TRY IT: In the entries that follow, the first line to write out is the one containing "Питательный протеин для", and the last is the one containing "silver snake ring waterproof". Reproduce that stretch exactly, with nothing before or after it.

SOURCE MATERIAL:
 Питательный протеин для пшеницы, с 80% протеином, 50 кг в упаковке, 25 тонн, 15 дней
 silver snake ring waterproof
--
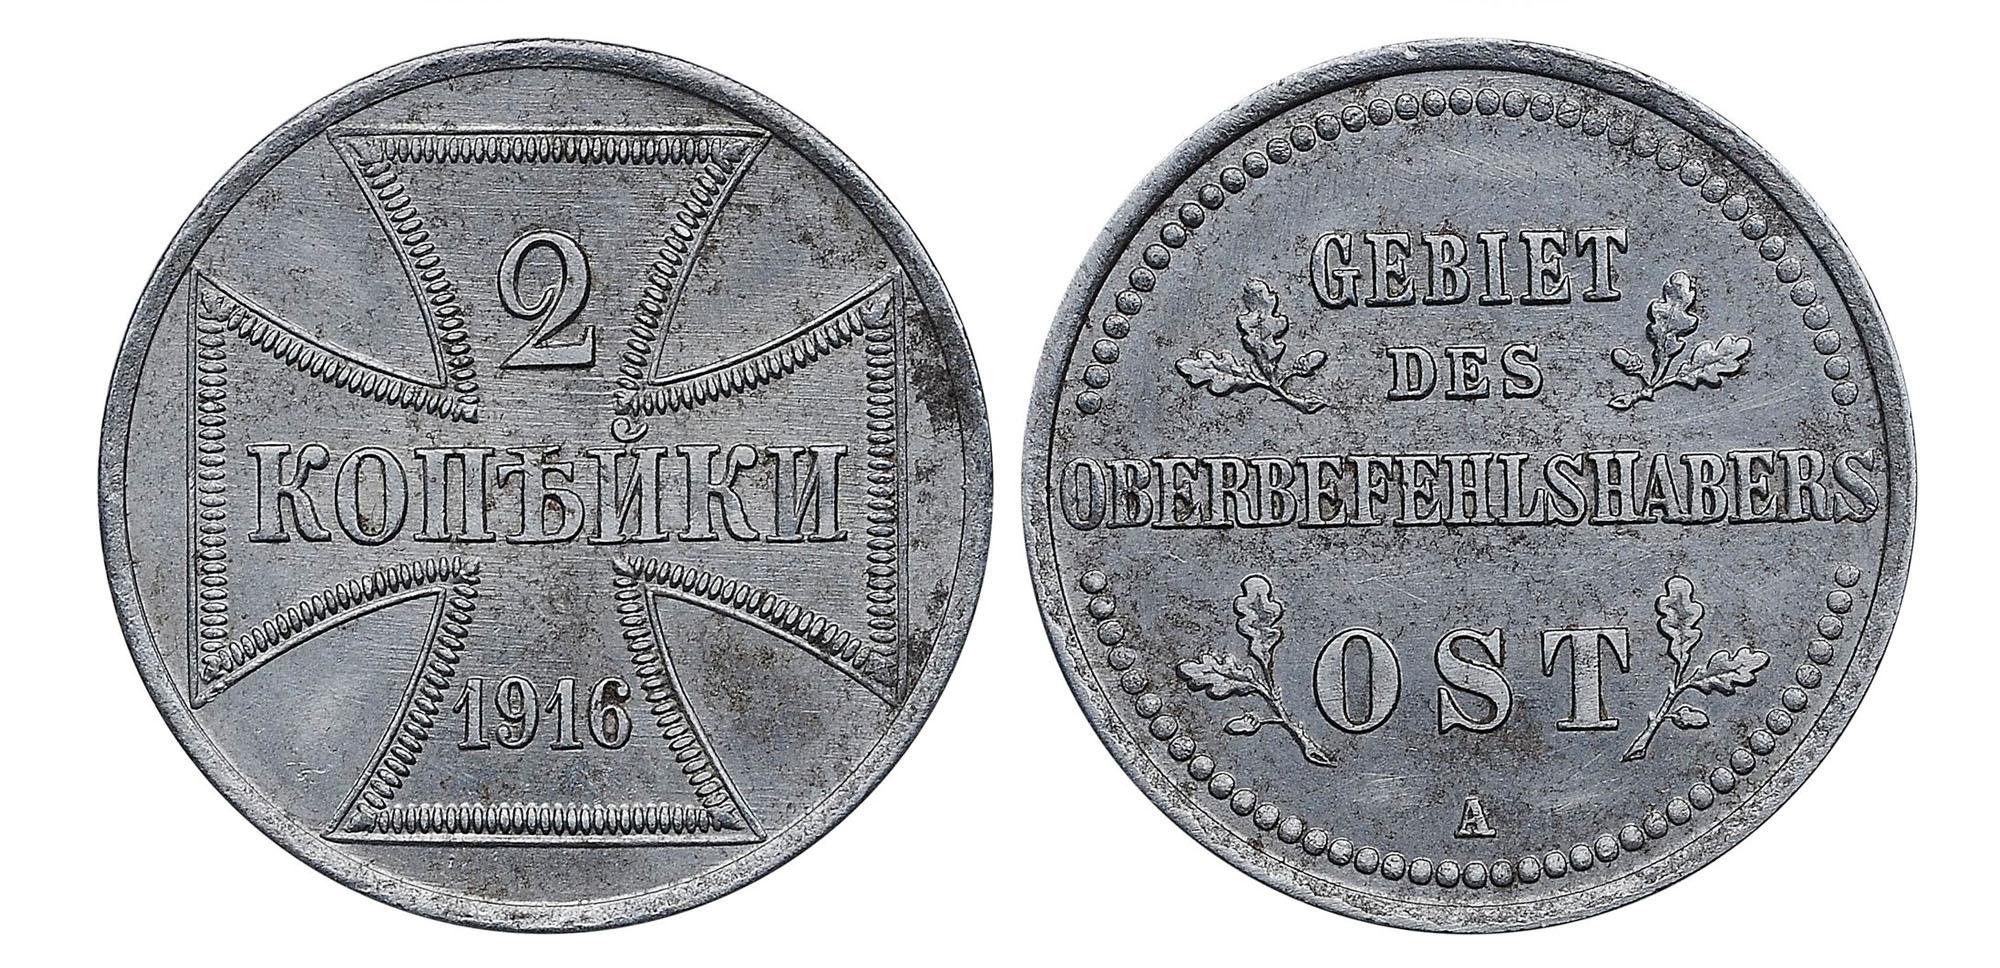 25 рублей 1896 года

EXERCISE RESPONSE:
 Питательный протеин для пшеницы, с 80% протеином, 50 кг в упаковке, 25 тонн, 15 дней
 silver snake ring waterproof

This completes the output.